__Given data__:
* * * * * * * * *

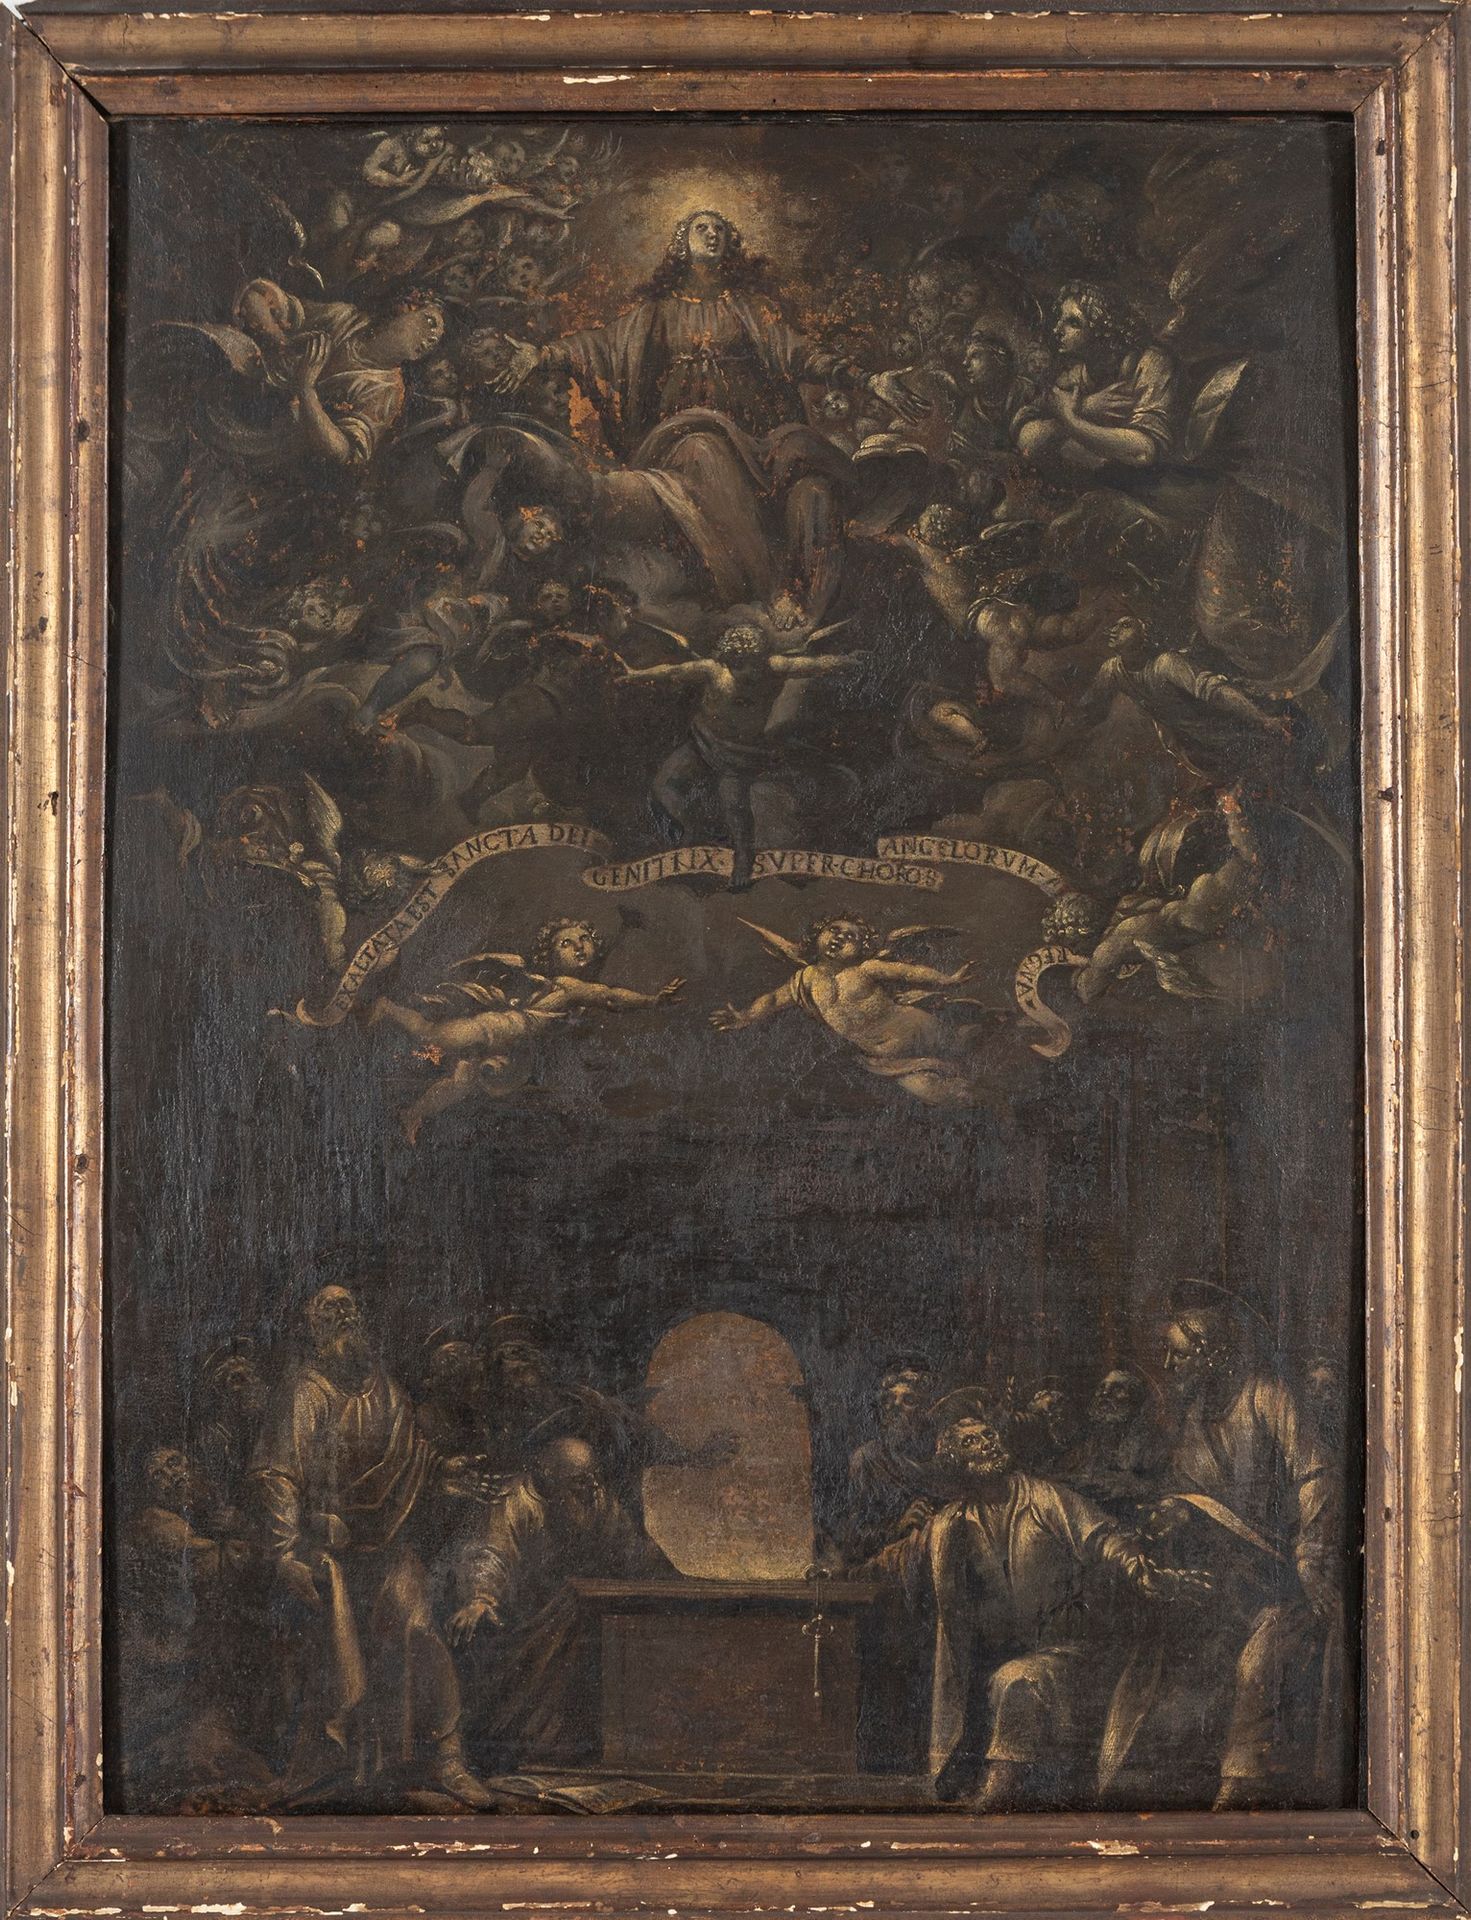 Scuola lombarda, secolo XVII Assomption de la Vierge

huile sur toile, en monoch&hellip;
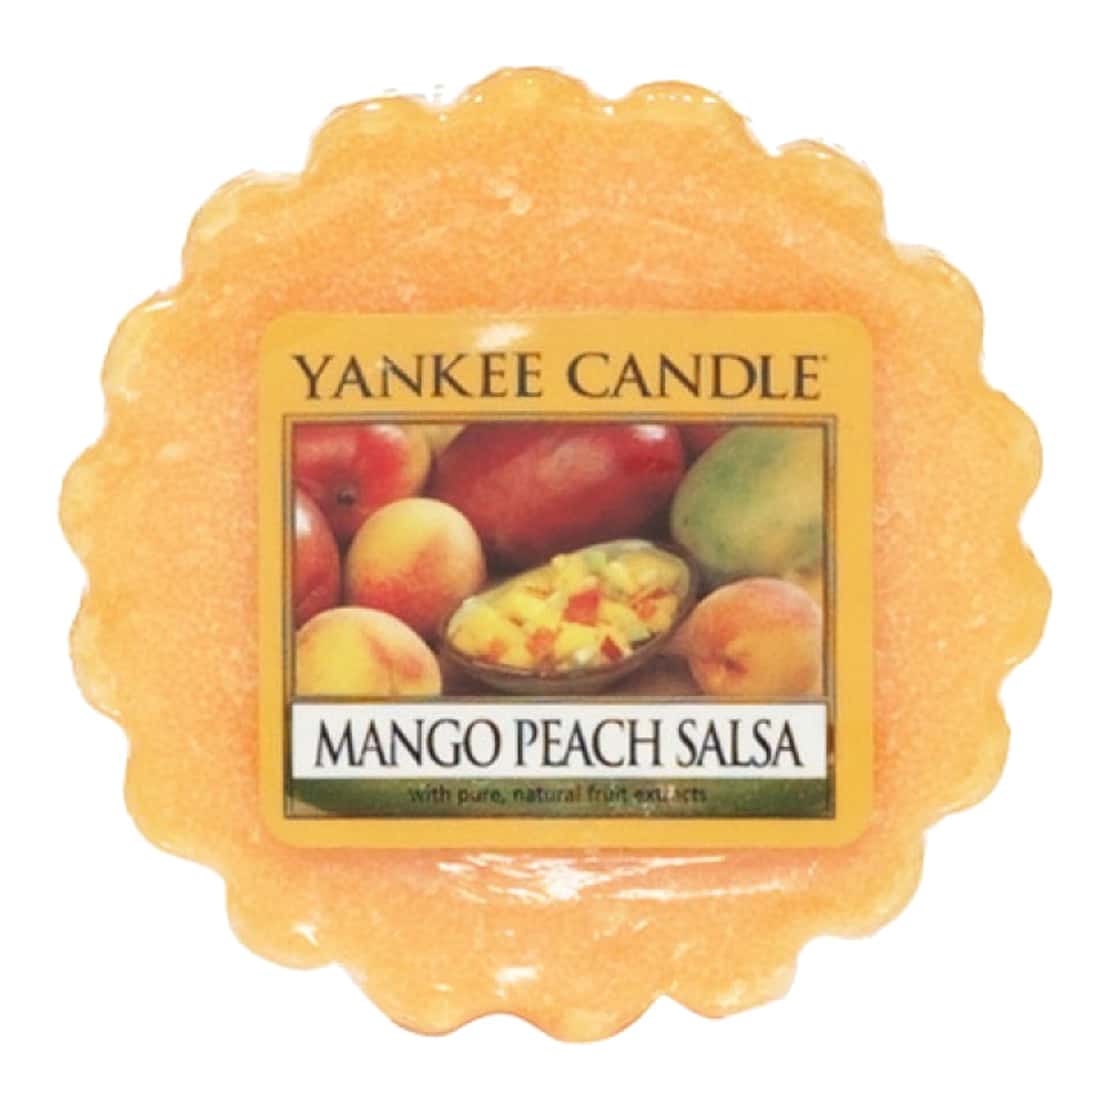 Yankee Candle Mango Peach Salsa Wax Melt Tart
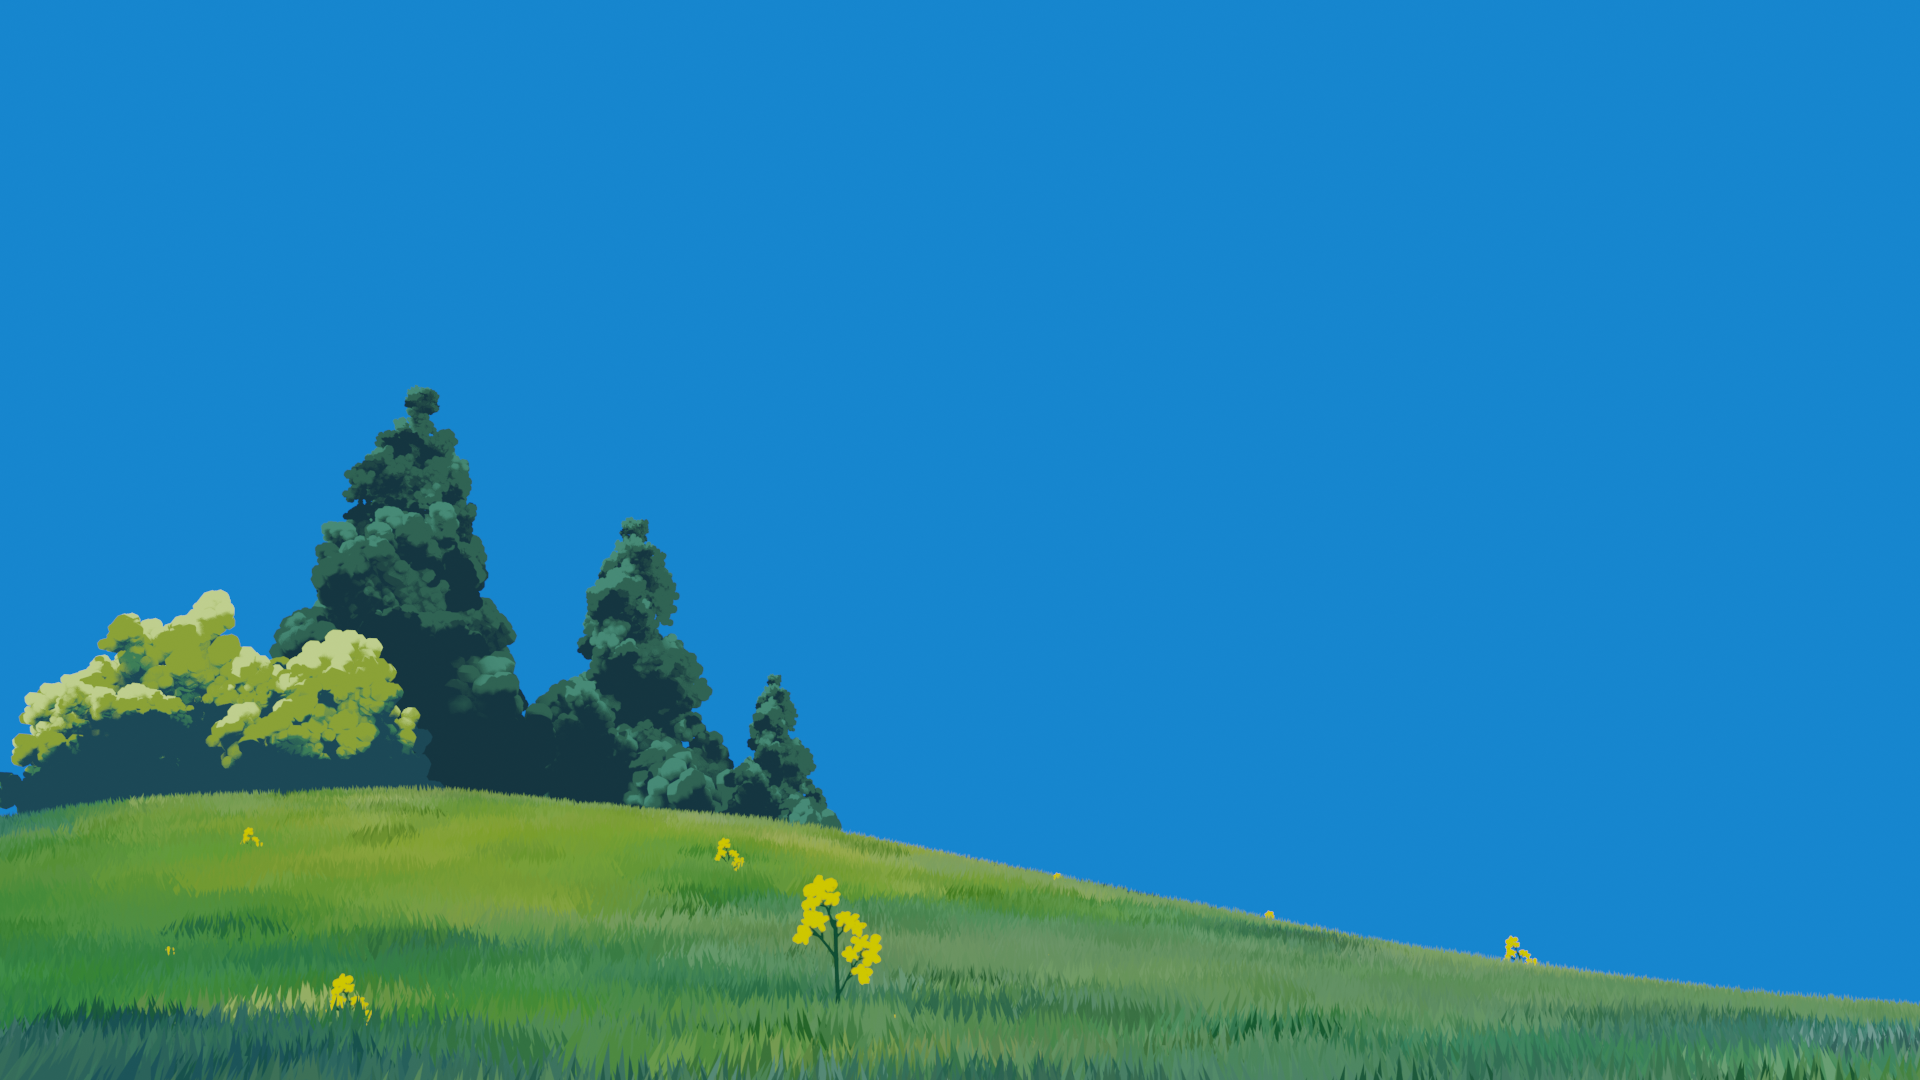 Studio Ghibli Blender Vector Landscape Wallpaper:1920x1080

* * * * * * * * *

__Task description__: From the material above, copy everything exactly but the pictures.

__Answer section__:
 Scuola lombarda, secolo XVII Assomption de la Vierge

huile sur toile, en monoch&hellip;
 Yankee Candle Mango Peach Salsa Wax Melt Tart
 Studio Ghibli Blender Vector Landscape Wallpaper:1920x1080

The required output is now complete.